Alcohol distributors in recent years have released new products aimed toward young drinkers, such as alcopops and alcoholic energy drinks. “The trend has gone to developing products that are highly youth oriented,” says George Hacker, director of the Alcohol Policies Project at the Center for Science in the Public Interest. “These new products geared toward youth make it easy for young people to initiate drinking.”

Alcopops, such as Smirnoff Ice, Bacardi Silver and Skyy Blue, are branded with popular hard-liquor names and often have a higher alcohol content than beer, although the taste of alcohol is masked by sugar, fruit flavorings and carbonation. These products are marketed like beer and advertised on network televisions, despite the network policies against the advertising of their hard-liquor namesakes.

Alcopops are especially popular with young girls. About one third of teenage girls ages 12 to 18 have tried alcopops, according to the California-based Marin Institute. The Marin Institute estimates that underage drinkers consumed 47 percent of all alcopops in California in 2007. Alcopop consumption leads to approximately 60 deaths a year in California and about 50,000 “incidents of harm” — including traffic accidents, violence, suicide, alcohol poisoning and fetal alcohol syndrome, among others — according to the Marin Institute.

Alcoholic energy drinks, such as Tilt, Bud Extra and Sparks, contain high levels of alcohol along with ingredients like caffeine, taurine, ginseng and other stimulants. The mixture of caffeine and alcohol can be dangerous, as it makes drinkers feel more alert, when in fact their senses and reflexes are impaired because of the alcohol. In 2007, Anheuser-Busch pulled its alcoholic energy drink Spyke off shelves after the company received a letter signed by 29 state attorneys general, expressing their concern about the drink.

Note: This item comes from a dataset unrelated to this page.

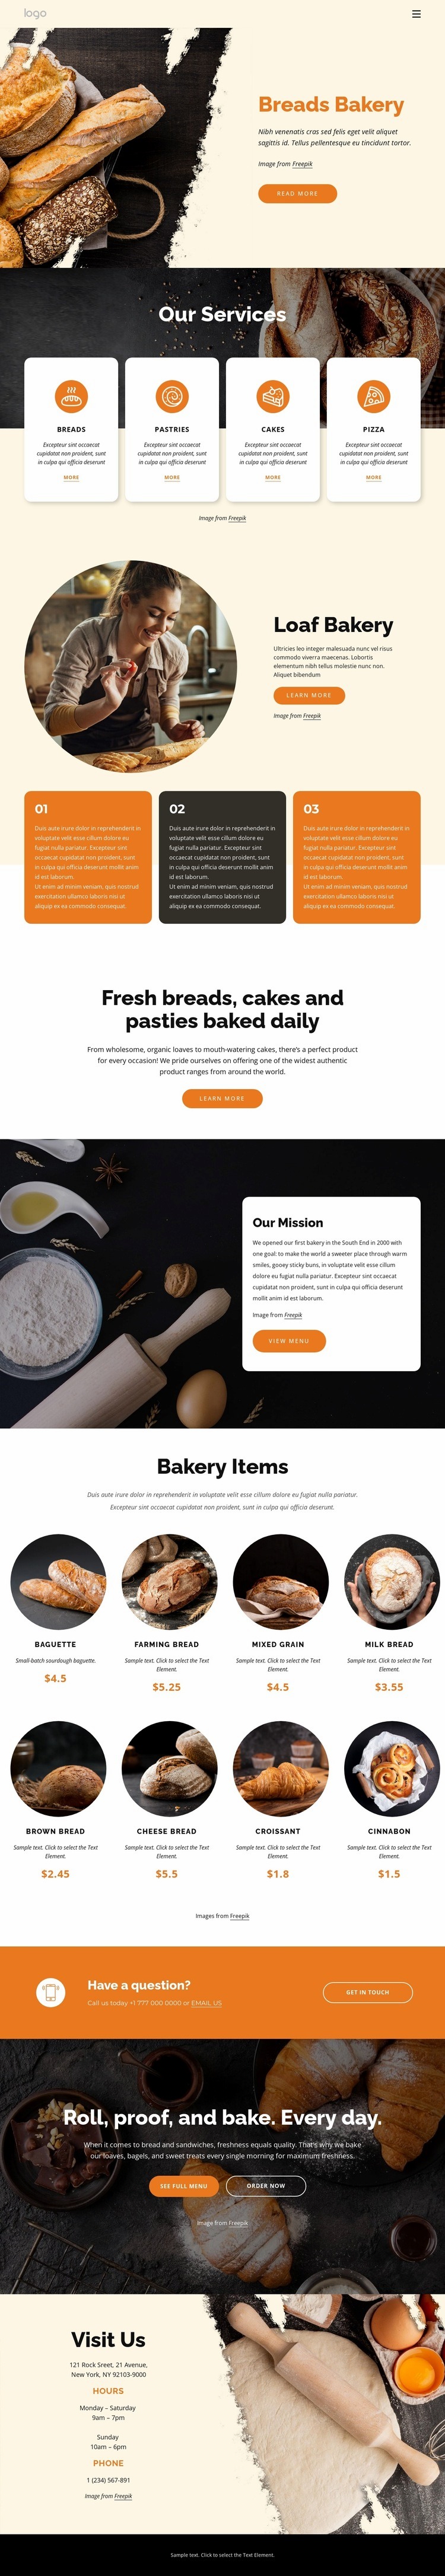 Breads bakery Web Page Design

“Given the documented health and safety risks of consuming alcohol in combination with caffeine or other stimulants, Anheuser-Busch’s decision to introduce and promote these alcoholic energy drinks is extremely troubling,” the letter stated. “Young people are heavy consumers of nonalcoholic energy drinks, and the manufacturers of those products explicitly target the teenage market. Promoting alcoholic beverages through the use of ingredients, packaging features, logos and marketing messages that mimic those of nonalcoholic refreshments overtly capitalizes on the youth marketing that already exists for drinks that may be legally purchased by underage consumers.”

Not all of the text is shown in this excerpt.